What needs to be done:
Output the listing word for word, minus images.

Information provided:

________________________________________

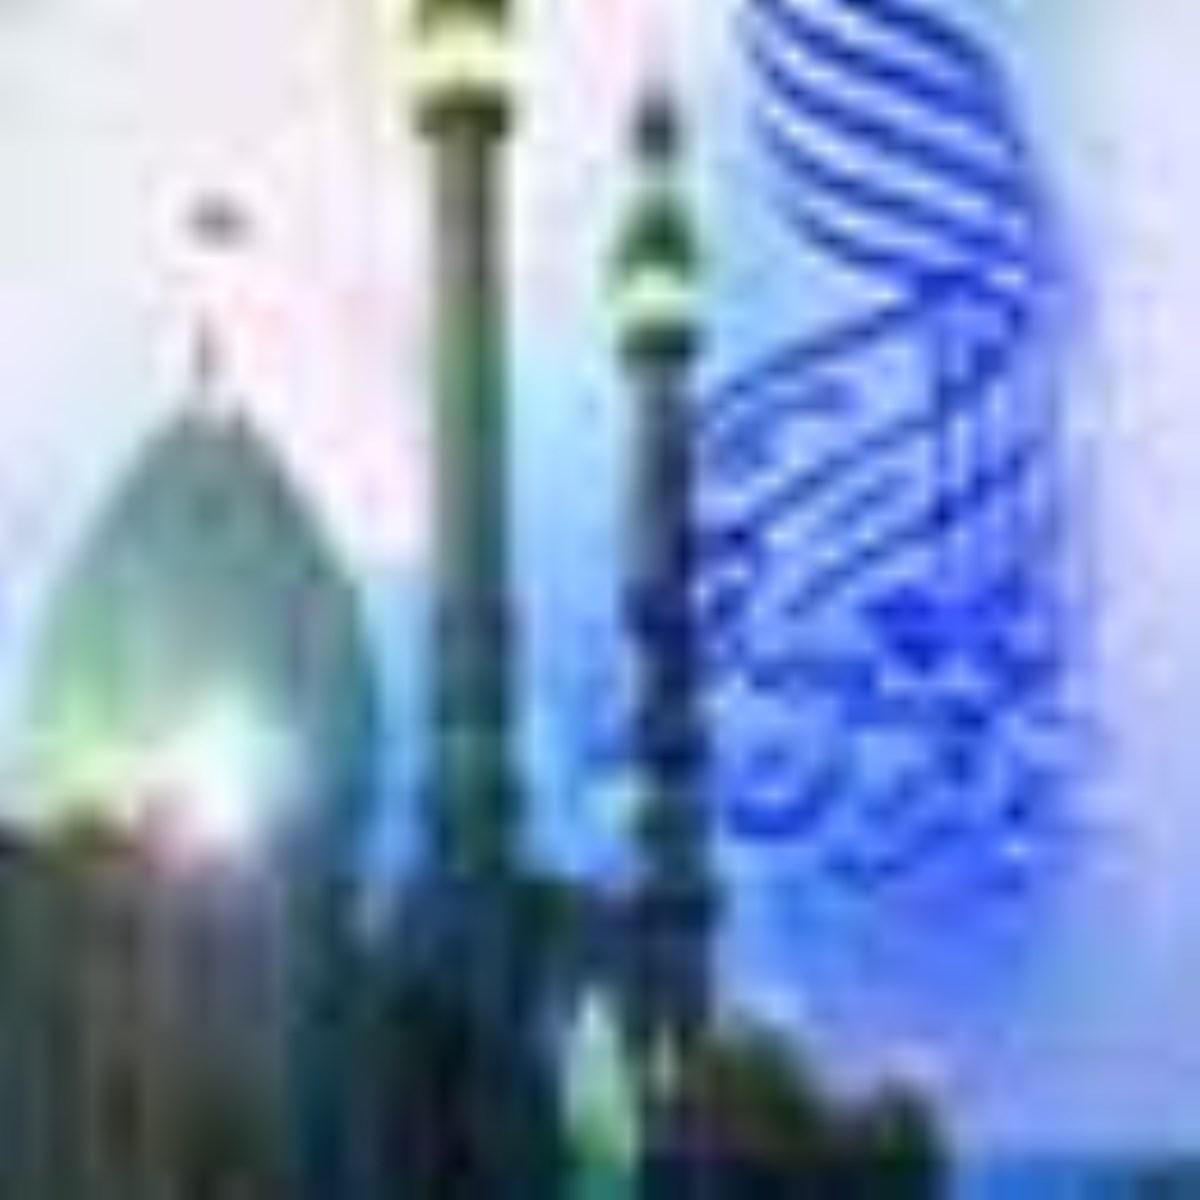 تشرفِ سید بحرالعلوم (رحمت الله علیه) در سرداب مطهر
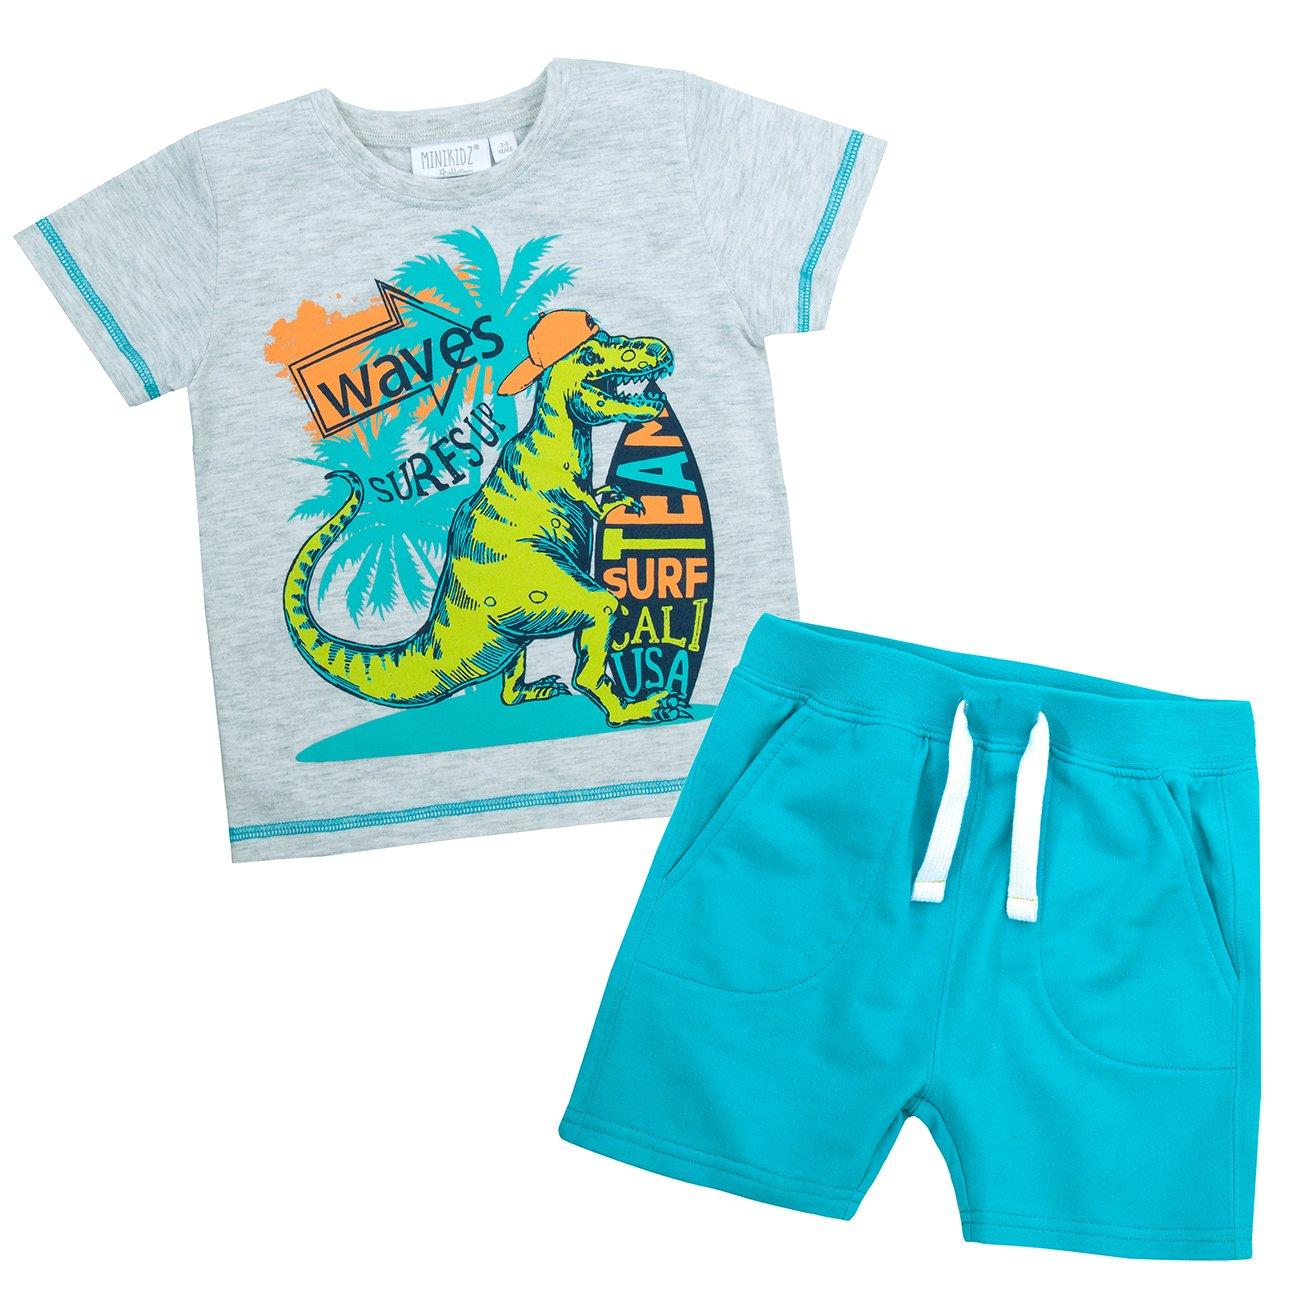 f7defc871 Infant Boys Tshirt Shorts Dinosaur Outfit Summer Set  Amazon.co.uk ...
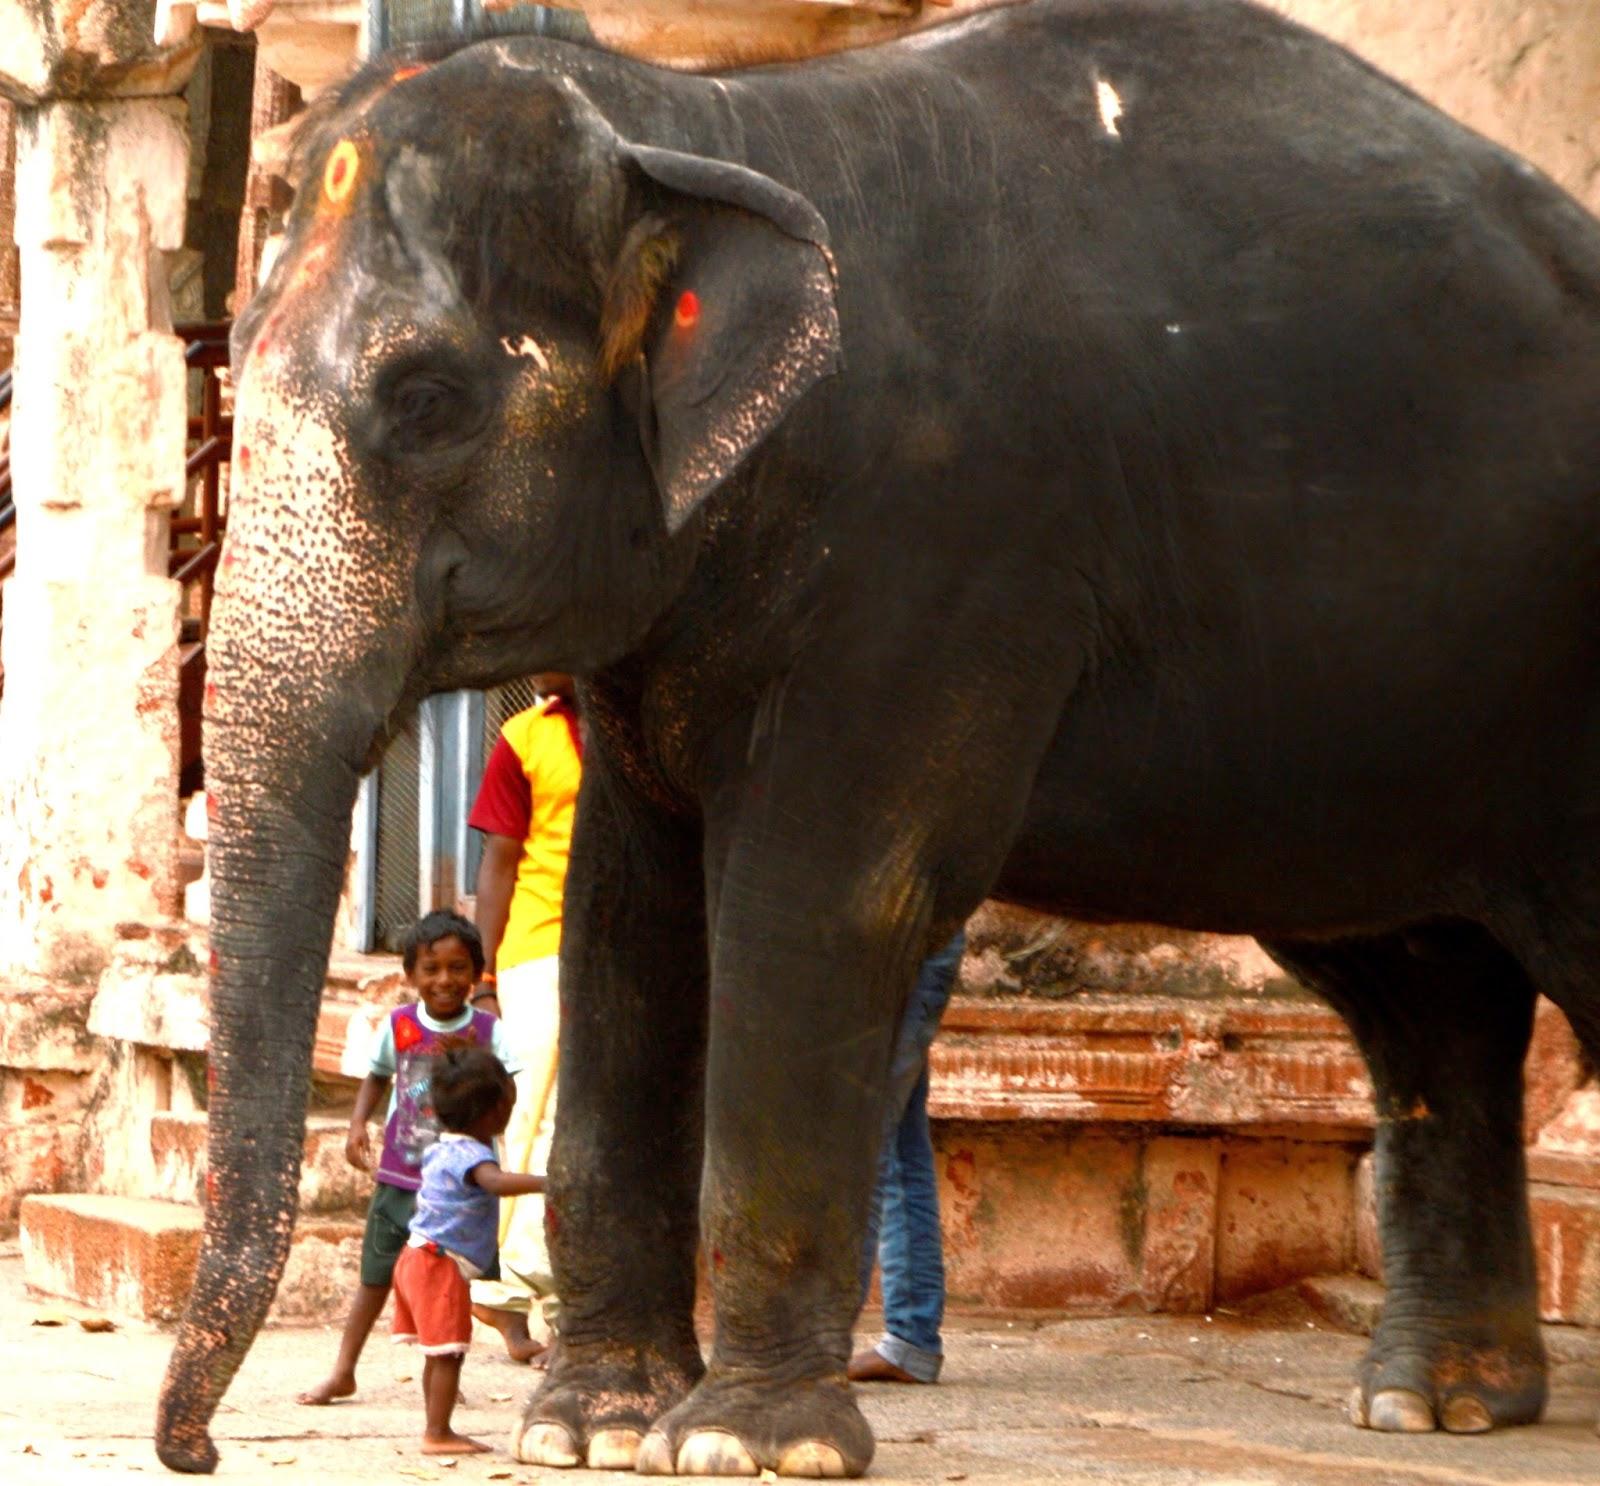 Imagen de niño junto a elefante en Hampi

________________________________________

Answer to this exercise:
 تشرفِ سید بحرالعلوم (رحمت الله علیه) در سرداب مطهر
 f7defc871 Infant Boys Tshirt Shorts Dinosaur Outfit Summer Set  Amazon.co.uk ...
 Imagen de niño junto a elefante en Hampi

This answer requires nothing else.